# Midweek clubs or cycling buddy - West London



## lazytyke (8 Jan 2017)

Newly retired (redundant !) and looking to do more midweek cycling. I have a great bike buddy for weekends, but find not much around mid week. Anyone know of any good clubs or fancy joining me on the odd weekday ride. Based in West London, ride both uprights and recumbents - not racy but like doing reasonable length rides 25-75 miles (with plenty of tea and cake stops !)


----------



## A1Se16 (17 Jan 2017)

Hi, not a weekday ride but if you're looking for a ride this weekend your welcome to join the London Clarion Cycling Club ride to Essex this Saturday about 40 miles round trip. Details on the London Clarion cycling club Facebook page.


----------



## lazytyke (19 Jan 2017)

Cheers - I'm sorted on most weekends, but will keep an eye on your page


----------



## screenman (19 Jan 2017)

Any local club will have loads of cyclist riding midweek.


----------



## BlueFox (19 Apr 2017)

You could try the Central London Outdoor Group ("central" is a misnomer) a YHA-affiliated club for people living anywhere in London.
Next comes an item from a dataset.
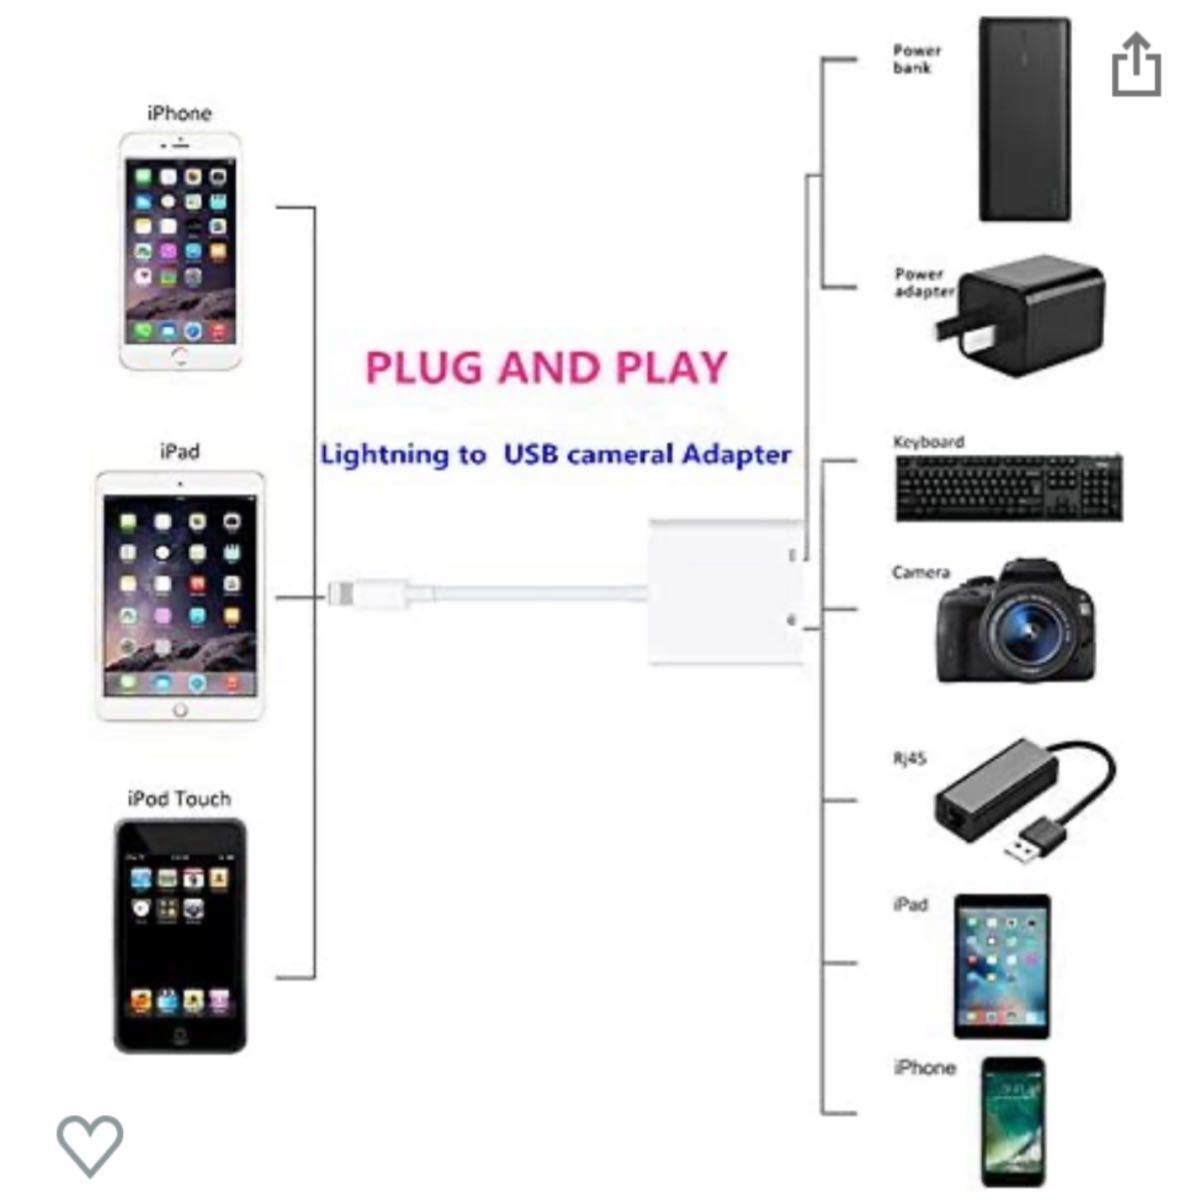 Lightning 用usbカメラアダプタ USBハブ キーボード接続可能 iPhone/iPadなど対応3カメラアダプタ

Mixture of walking, cycling, trips away, kayaking, whatever. Plenty of mid-week cycle rides, walks and other stuff: http://www.clog.org.uk. The rides are at the easier end of your range - mainly 20 to 35 miles with lots of stops to look at things.


----------



## Blue Hills (25 May 2017)

Check out central london ctc

They do thursday rides which make good use of offpeak oyster fares.

http://www.centrallondonctc.org.uk/rides


----------